The idea is to move anything that’s unquoted or any __SOMETHING__ value into a parameter. Here’s the big quoted block refactored to proxy an Impl module.

# in library
# `lib/my_abstraction.ex`
defmodule MyAbstraction do
  defmacro my_macro(opts) do
    quote do
      alias MyAbstraction.Impl

      def one_func(arg),
        do: Impl.one_func(unquote(opts.server), arg)

      def another_func(arg),
        do: Impl.another_func(unquote(opts.something, arg))

      .. # etc.
    end
  end
end
  
# still in library
# `lib/my_abstraction/impl.ex`
defmodule MyAbstraction.Impl do
  def one_func(server, arg) do
    GenServer.call(server, {:one_func, arg})
    # other things
    ..
  end
  
  def another_func(opt, arg) do
    # things with `opt` and `arg`
    ..
  end
  
  # etc..
end

# in project
# `lib/my_app/abstraction_implementation.ex`
defmodule MyApp.AbstractionImplementation do
  use MyAbstraction, server: MyApp.SomethingServer
end

We get our cake and eat it too. The implementation modules keep the same API and still don’t have to pass any annoying configuration. The __using__/1 macro only hides configuration. The library functions only do library things. With this, coveralls and credo have access to the important code. The injected functions are one-liners. The library code is accessible, albeit in a raw format. And now because the quote block is so small, the definition is readable.

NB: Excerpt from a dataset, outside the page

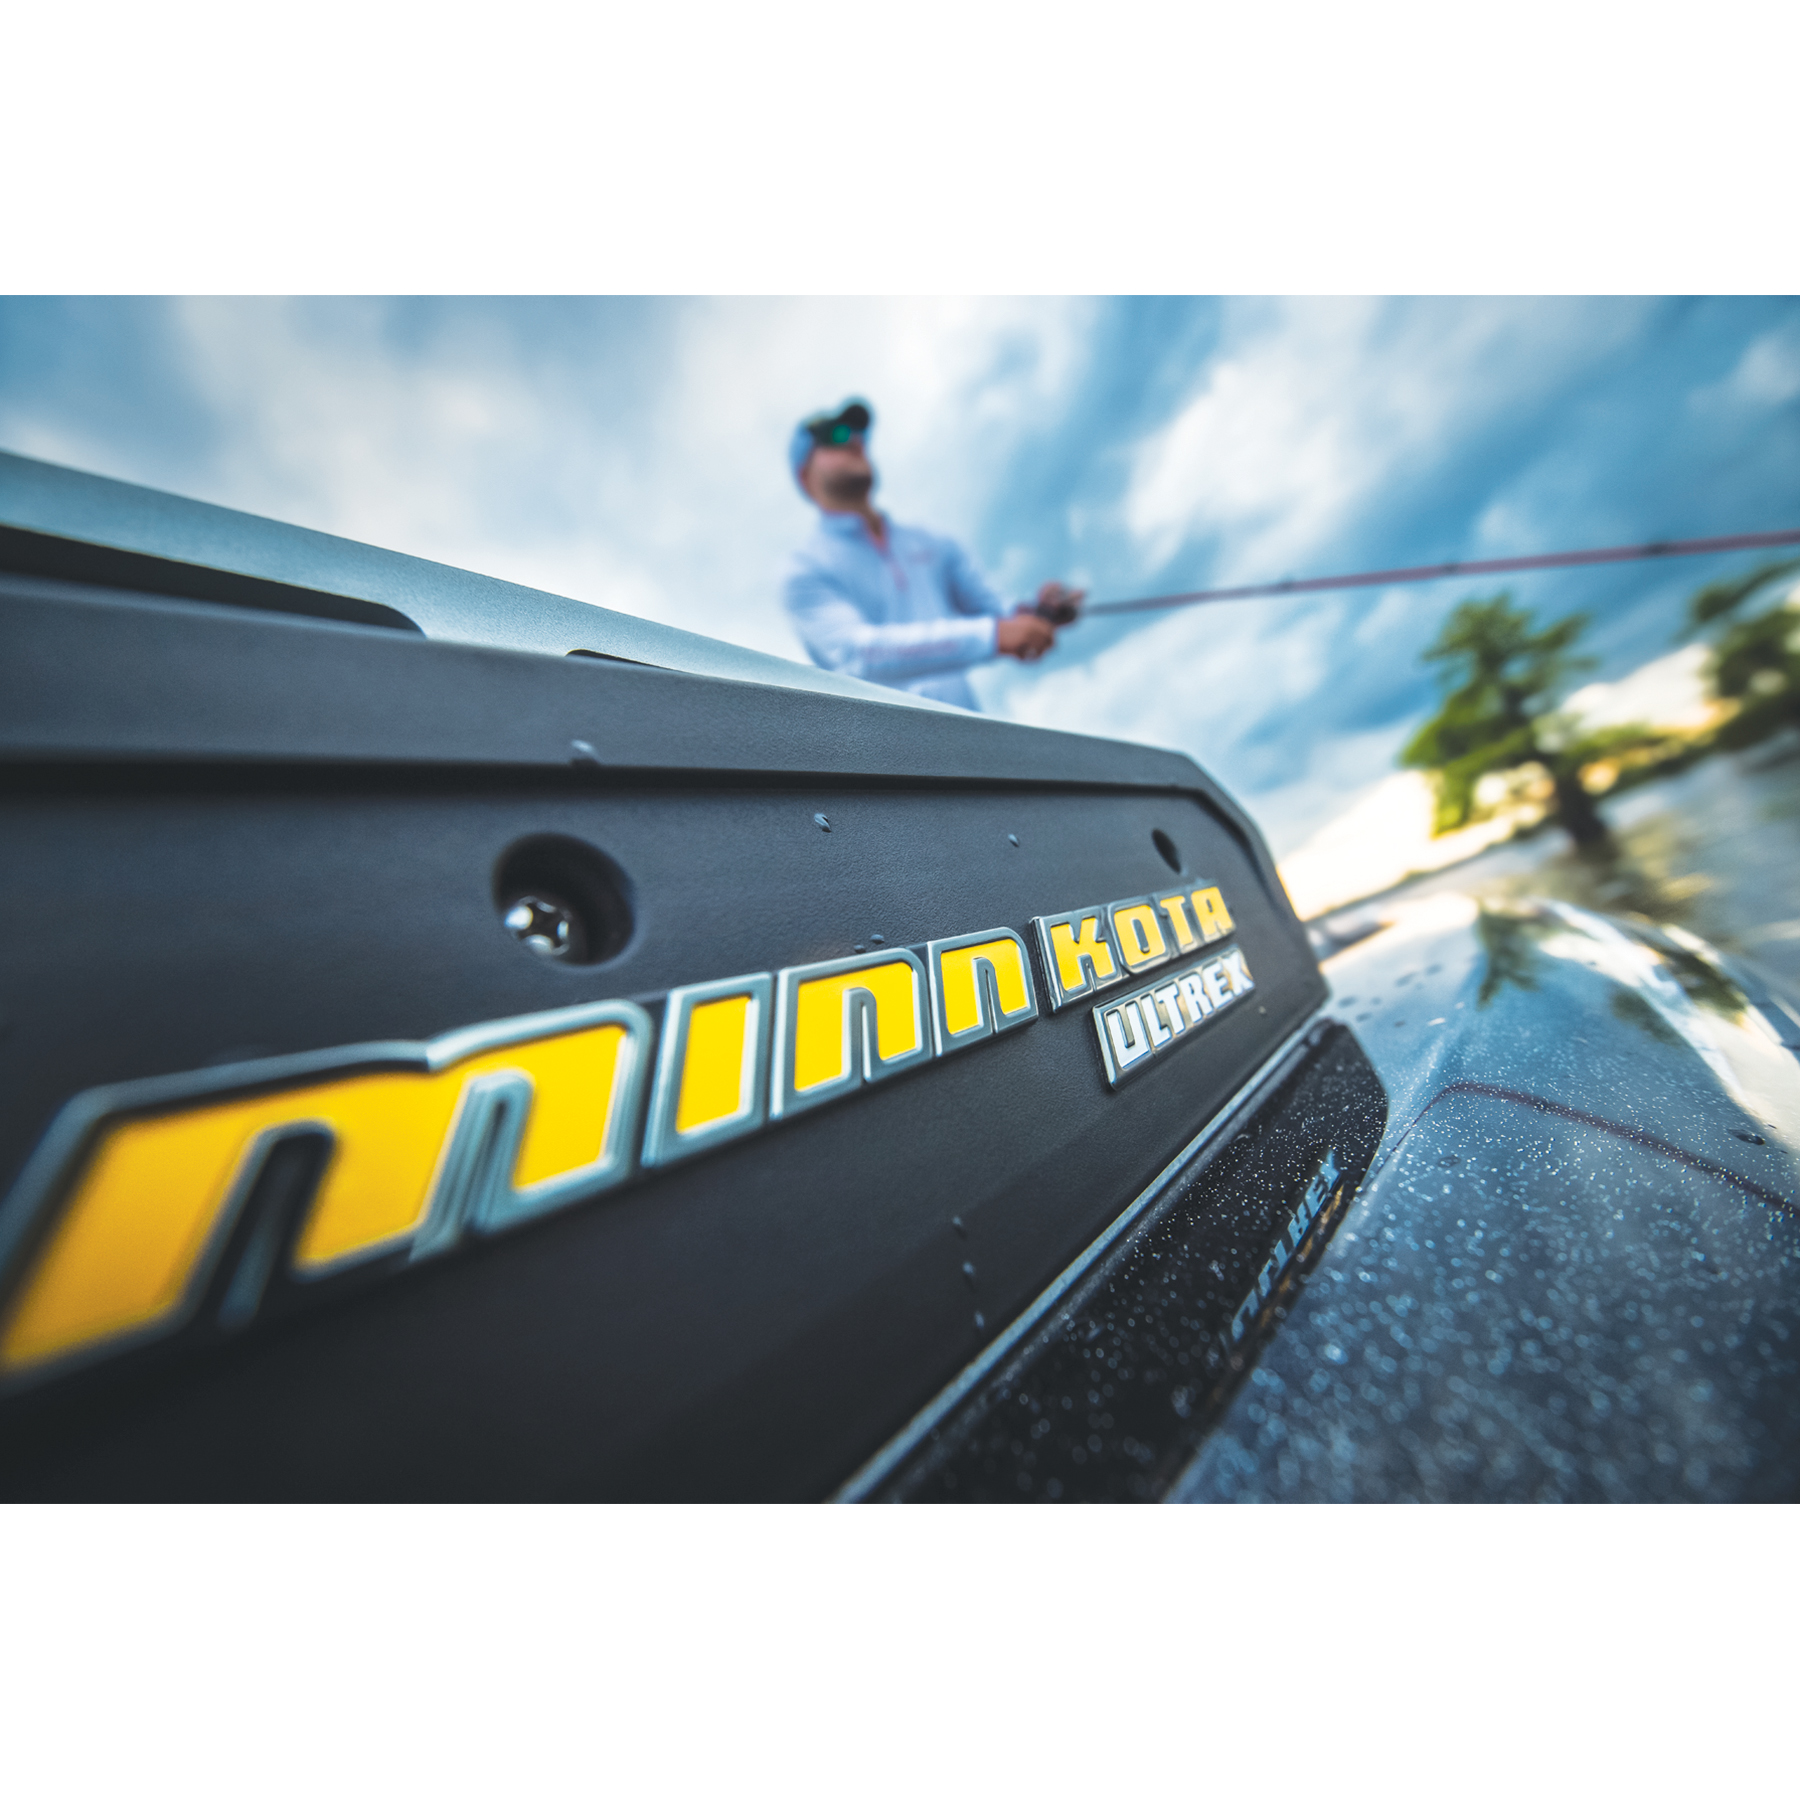 Minn Kota Ultrex i-Pilot Freshwater Bow-Mount Trolling Motor w/Bluetooth, US2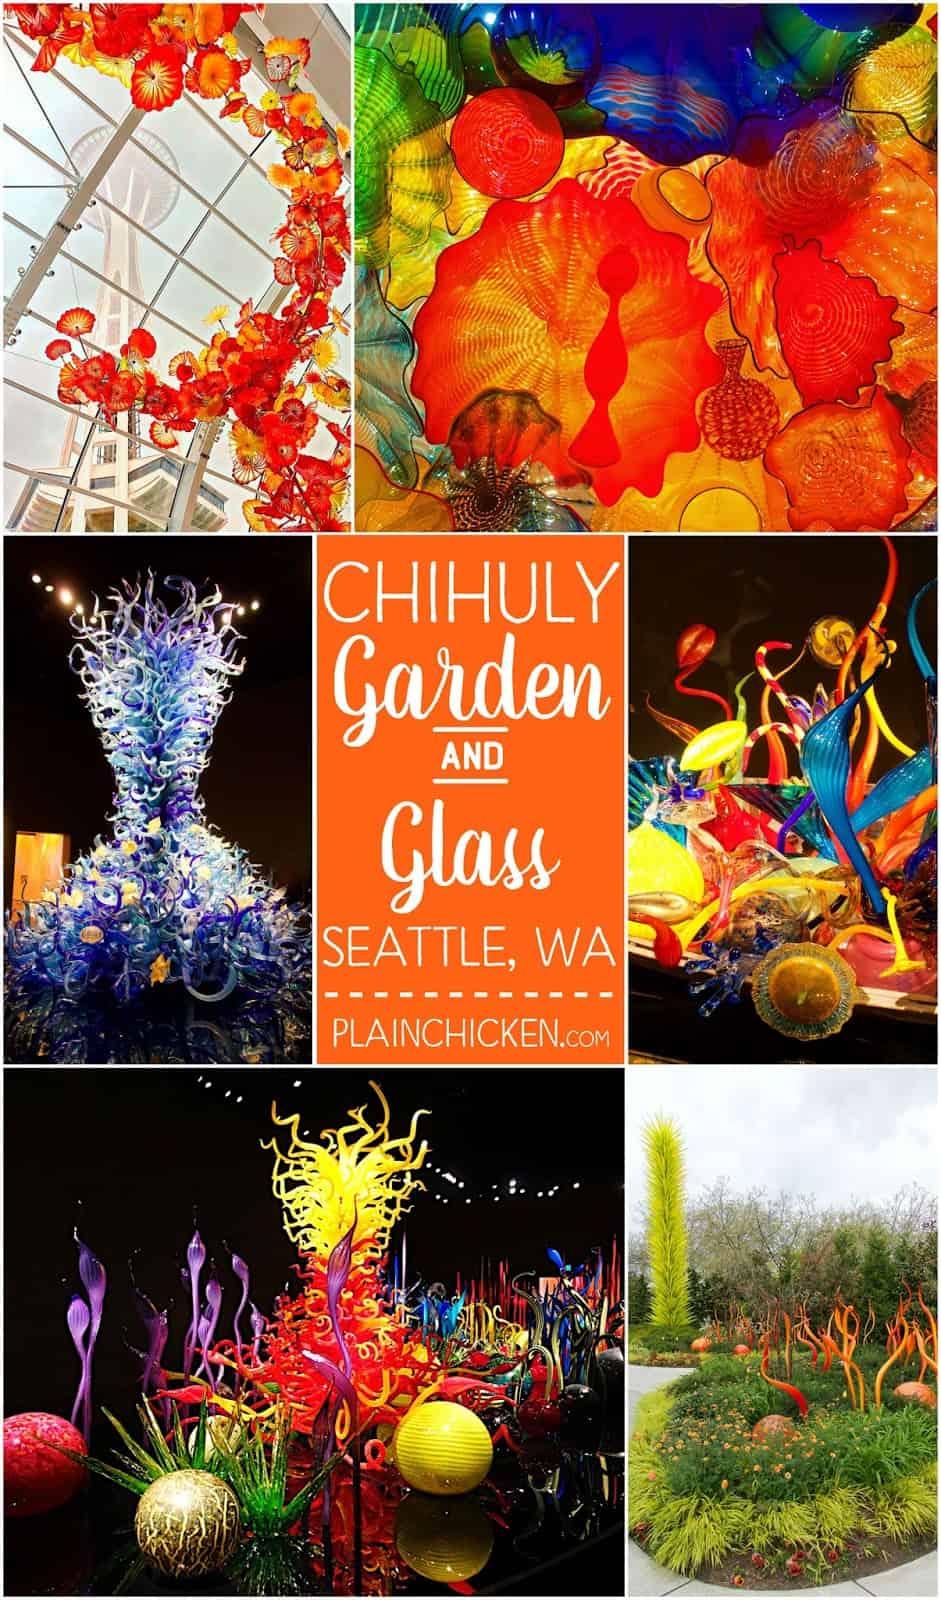 Chihuly Garden And Glass Seattle Wa Plain Chicken In 2020 Chihuly Glass Art Projects Broken Glass Art

So when you write a function-injection macro, please do this.

A Perfect Example

Ecto.Repo is probably one of the best known function injection macros. It’s also an exemplar follower of the library-proxy method. see the source here

def insert(struct, opts \\ []) do
  Ecto.Repo.Schema.insert(__MODULE__, struct, opts)
end

def update(struct, opts \\ []) do
  Ecto.Repo.Schema.update(__MODULE__, struct, opts)
end

def insert_or_update(changeset, opts \\ []) do
  Ecto.Repo.Schema.insert_or_update(__MODULE__, changeset, opts)
end

def delete(struct, opts \\ []) do
  Ecto.Repo.Schema.delete(__MODULE__, struct, opts)
end

__MODULE__ is passed in as a parameter to wider functions in the library. For large libraries like Ecto, this is a huge improvement to organization. Imagine if every toplevel Repo function was implemented in the __using__/1 definition!

Forward Thinking

There’s still room for improvement. With defmodulep, we can make the MyAbstraction.Impl module private and keep our test coverage. Unfortunately, we’ll have to wait for the core Elixir implementation.